Closed agporto closed 3 years ago

agporto commented 3 years ago

I was thinking of trying to implement pycpd using numba decorators, and I was wondering if you had tried it yourself and whether you think it might speed up calculations significantly. Since pycpd is straight numpy, it sounds to me like it would, but I wanted to make sure I wouldn't waste time on something you had tried. Any thoughts?

gattia commented 3 years ago

I implemented some parts of the pycpd algorithm in cython to speed up those parts which are iterative and published it as cycpd: https://github.com/gattia/cycpd

I also added some of the other original methods from the CPD paper (low rank non-rigid/deformable transform) into cycpd. I have since incorporated them back into pycpd as well - though only on development branch for now. See pull request/merge here: https://github.com/siavashk/pycpd/pull/37.

From what I played around with it seemed the next thing to do to speed things up was to add the Fast Gauss Transform (FGT) from the original CPD paper. I have written about this on the readme/intro page of the cycpd repo. I haven't looked into it much, but it seems like FGT should speed up all of the methods (rigid, affine, deformable).

agporto commented 3 years ago

Hi Anthony. Thanks for the link. It looks awesome. I will definitely try it out and compare. Just out of curiosity, have you tried numba decorators out? If so, how do they compare with your cython compilation?

gattia commented 3 years ago

Arthur, I dont have any experience with Numba. Though, it could be interesting due to the supposedly easy leveraging of GPUs. The below blog makes a few comparisons between Cython/Numba. I used the Cython version as a chance to learn some more Cython code as well as to speed up the python (cython) cpd version.

https://lewiscoleblog.com/cython-numba

Sounds like testing Numba is worth a try. The only thing I've read is that Numba might be more finicky to distribute than Cython.... but that might be an old problem that is solved now.

As a different note, @siavashk originally intended this to be a numpy version for teaching purposes. Though, Numba doesn't seem like it will change the code much, so maybe he's open to adding Numba, or maybe a Numba branch to keep things a little separate. Alternatively, you could create a new repo based that builds off of pycpd like I did with cycpd.

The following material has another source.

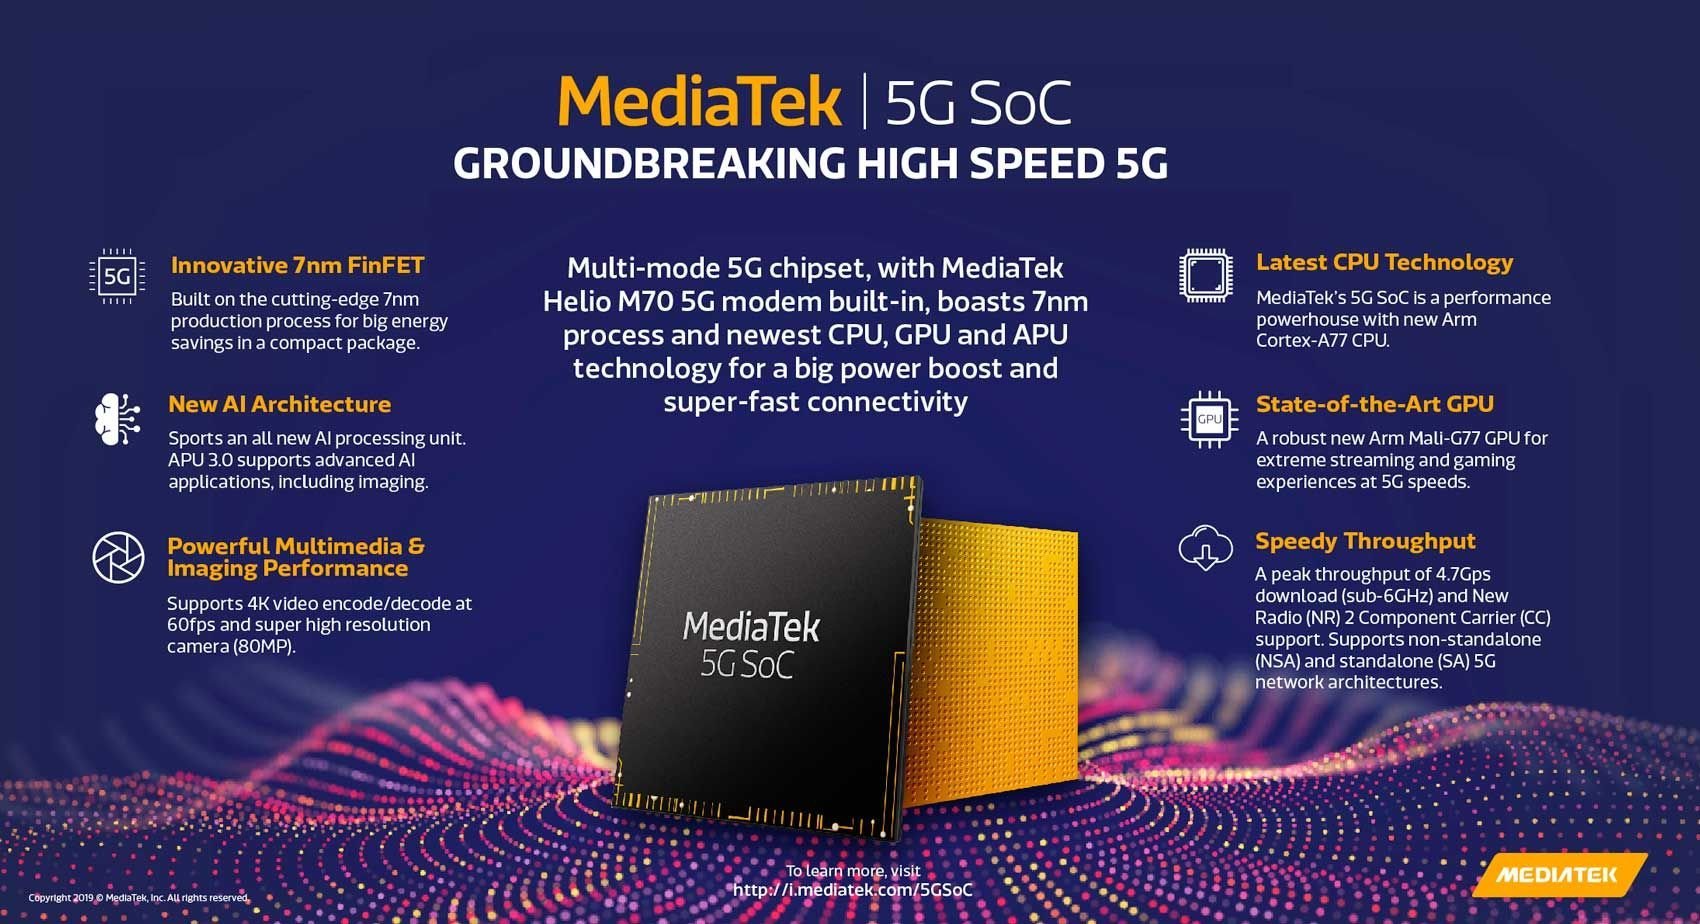 Mediatek 5G SOC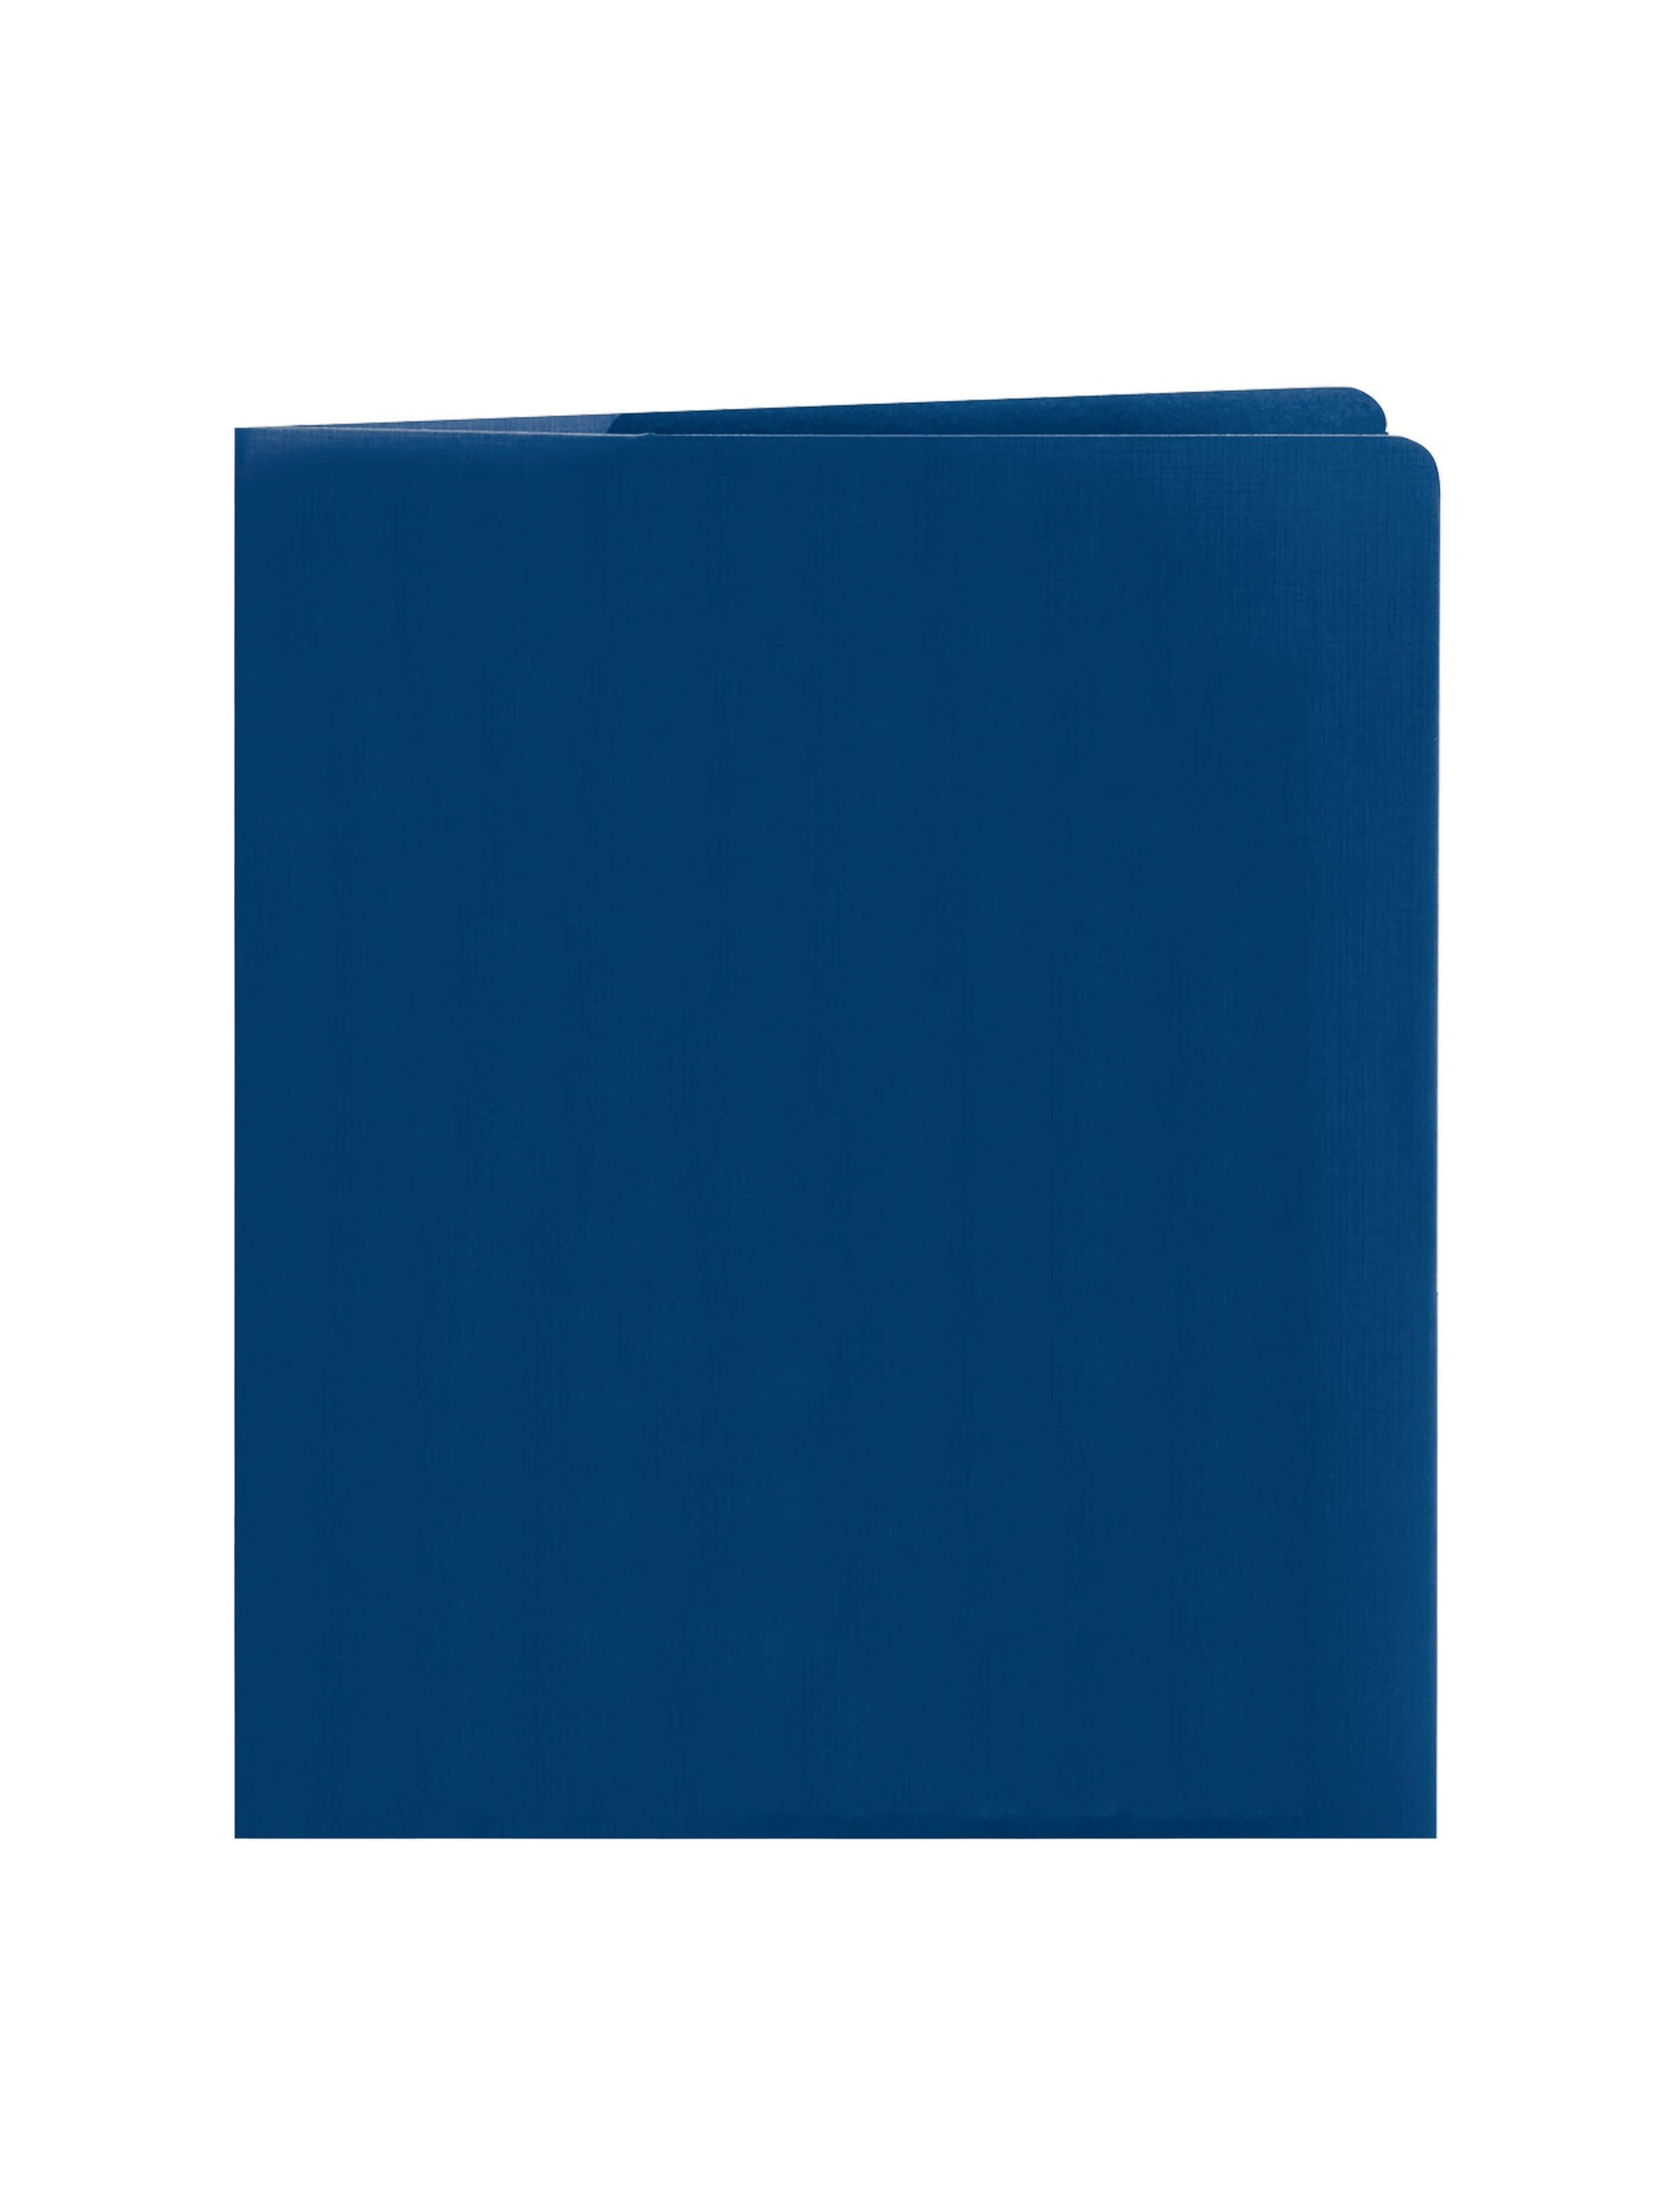 Lockit® Two-Pocket Folders, Dark Blue Color, Letter Size, Set of 0, 30086486879829

siavashk commented 3 years ago

Sorry I am kind of swamped with work. I haven't tried numba but I have heard good things about it. If you fork the project and make changes, I would be happy to help you. It would be a learning experience for me as well. I believe that the code would still be numpy readable even with numba, so people can still use it for educational purposes.

It would be really nice if you could make an example with numba decorators and show that it is faster. Something like run 1000 registrations, one with numba and one without numba and see if it is faster. This would make a good case for the integration.

agporto commented 3 years ago

@siavashk @gattia thank you both very much for the feedback. It seems that this might be an experiment worth doing. I will fork the repo and progressively work on it over the coming months. At first glance, it seems (from the numba docs) that it would be an easy conversion. I will keep you both posted. Thanks again.